The records =

◇ ◇ ◇ ◇

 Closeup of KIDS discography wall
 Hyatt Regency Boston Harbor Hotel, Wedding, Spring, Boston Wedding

◇ ◇ ◇ ◇

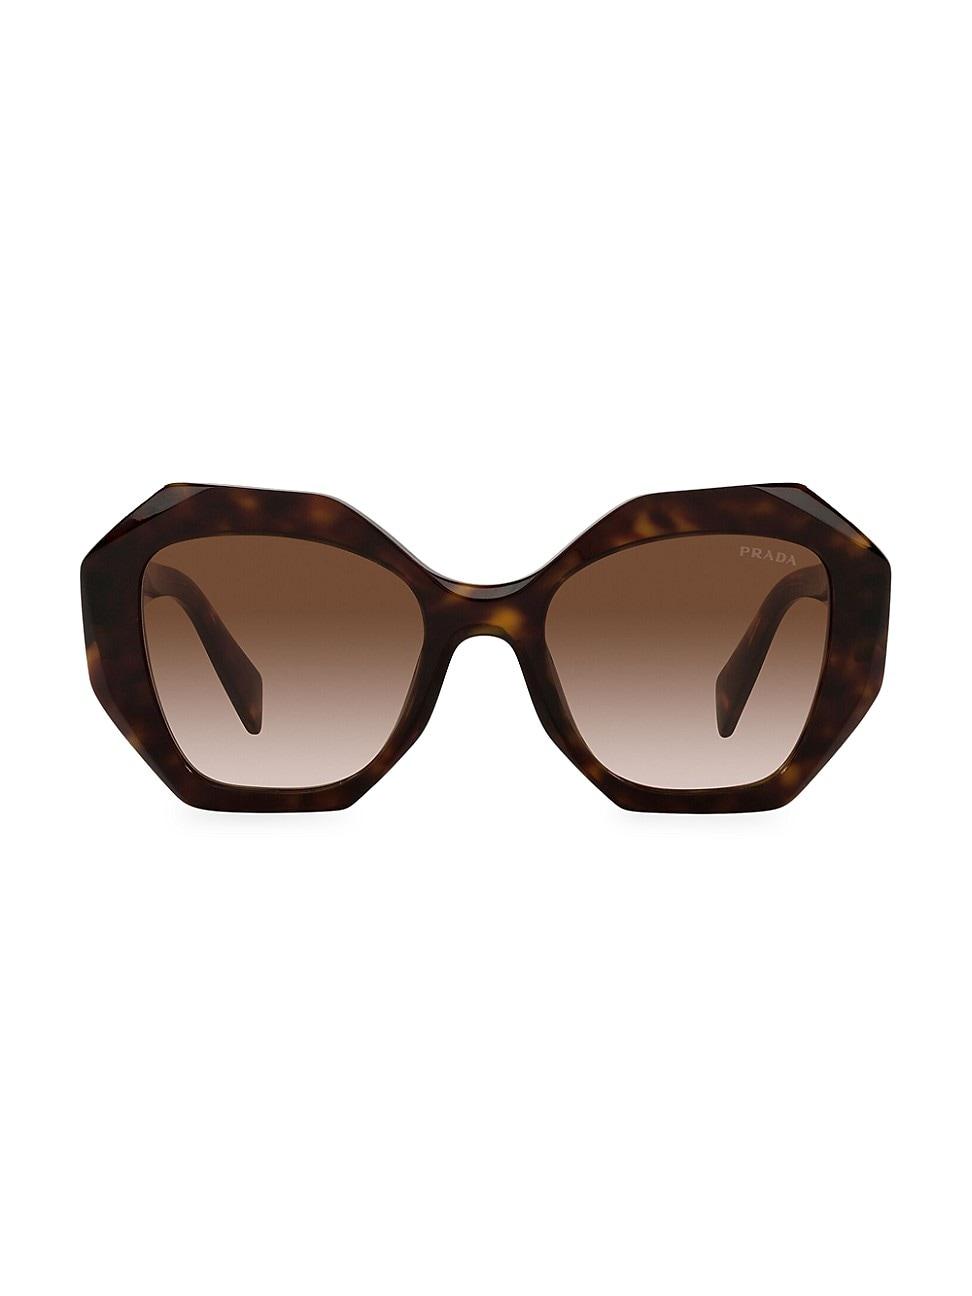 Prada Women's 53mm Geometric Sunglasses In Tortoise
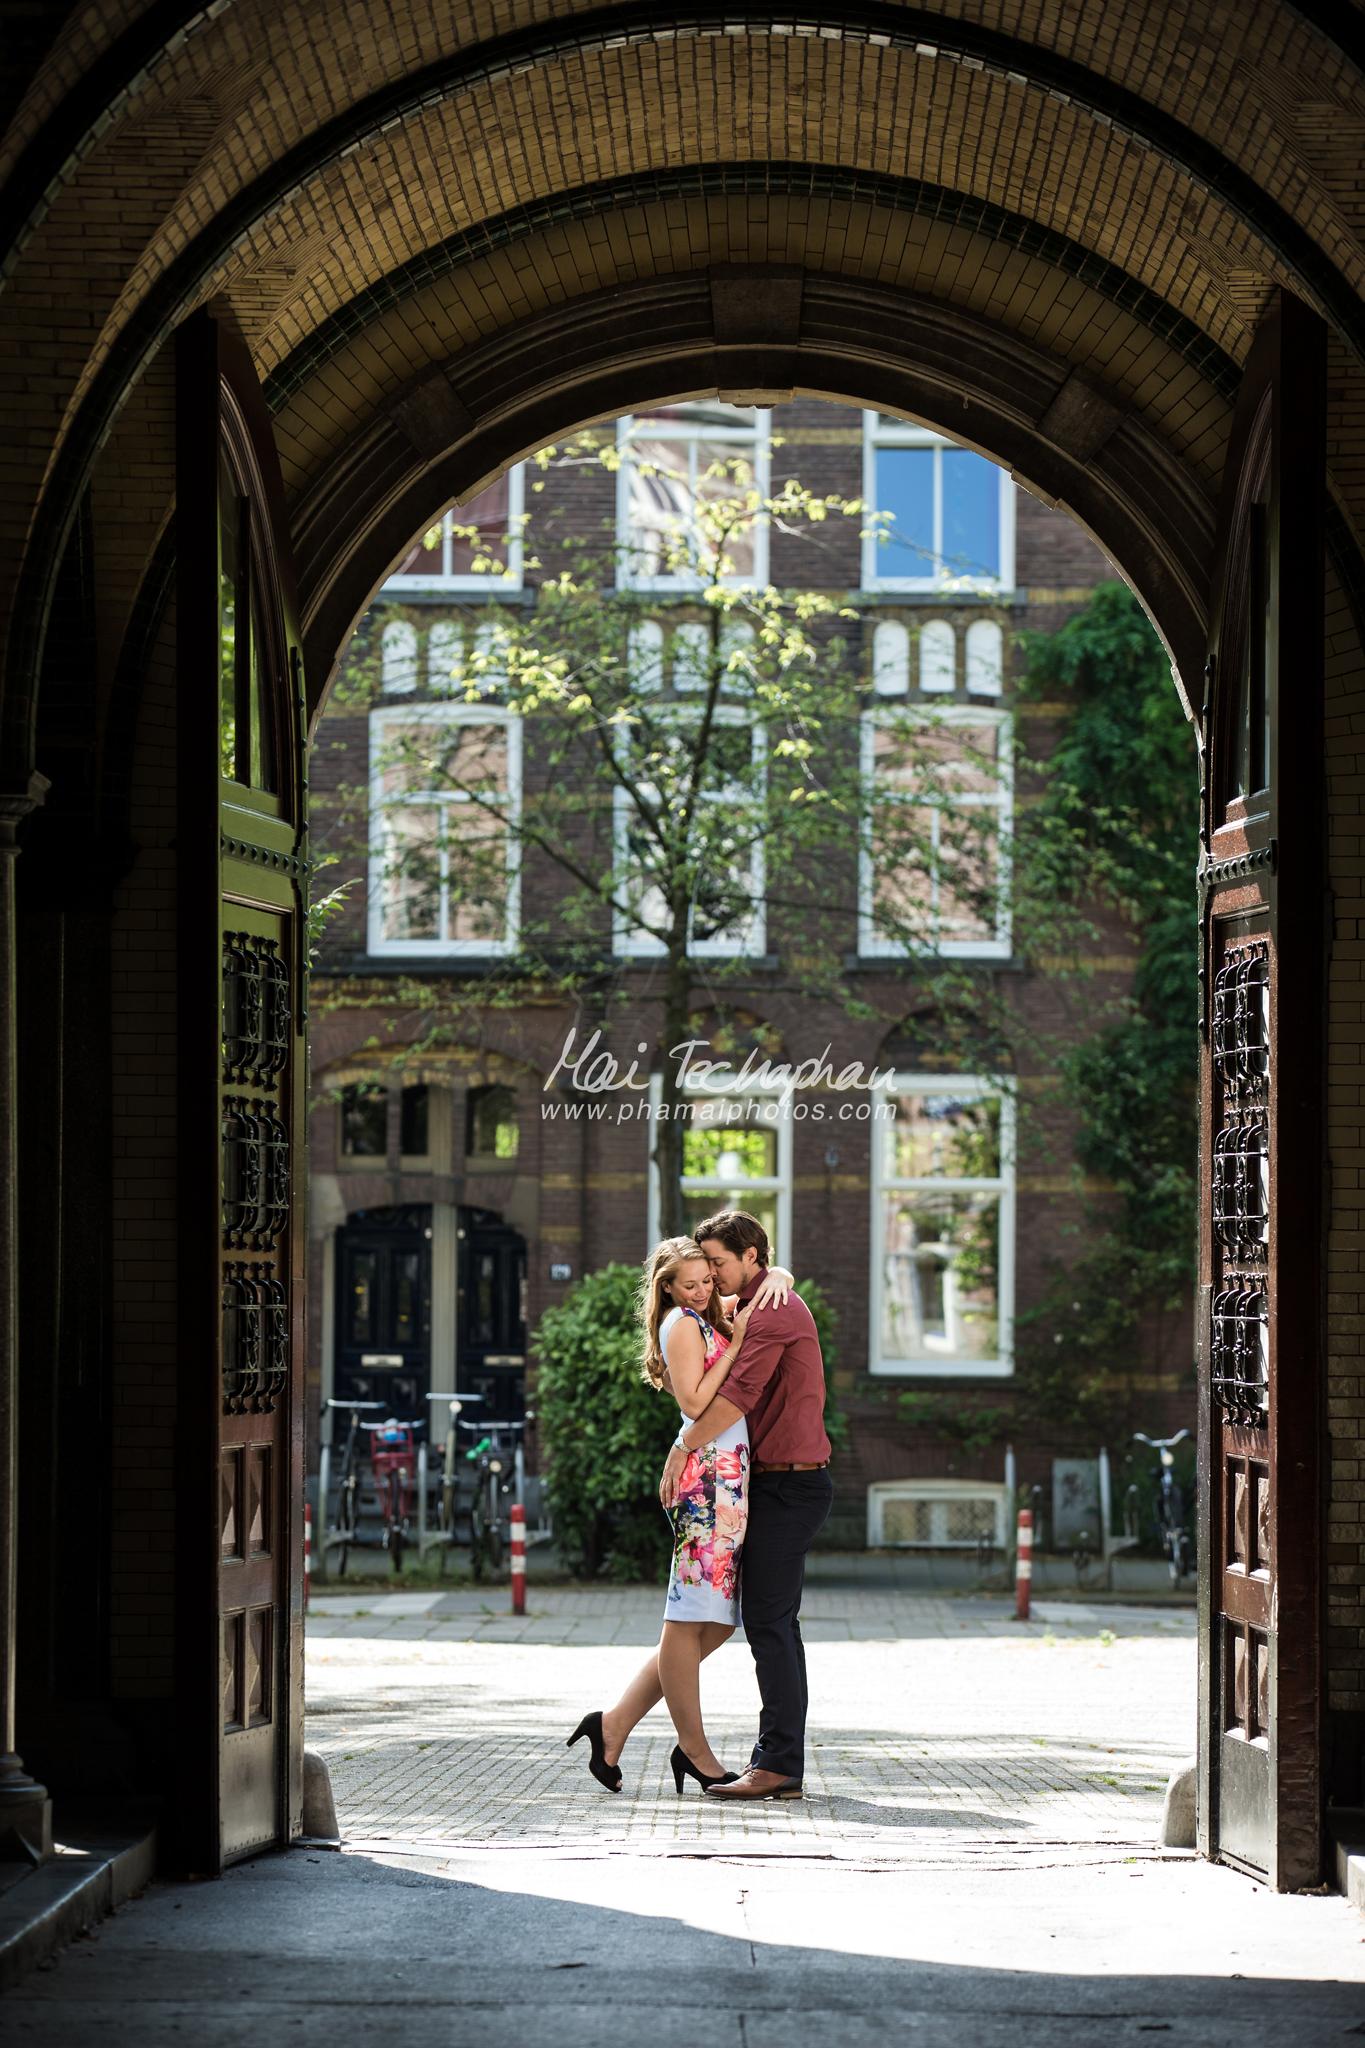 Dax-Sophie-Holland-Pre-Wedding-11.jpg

◇ ◇ ◇ ◇

Task description =
Send back exactly the lines of the listing above starting at the one with "Closeup of KIDS discography wall" and ending at the one with "Hyatt Regency Boston", inclusive, and no others.

Task solution =
 Closeup of KIDS discography wall
 Hyatt Regency Boston Harbor Hotel, Wedding, Spring, Boston Wedding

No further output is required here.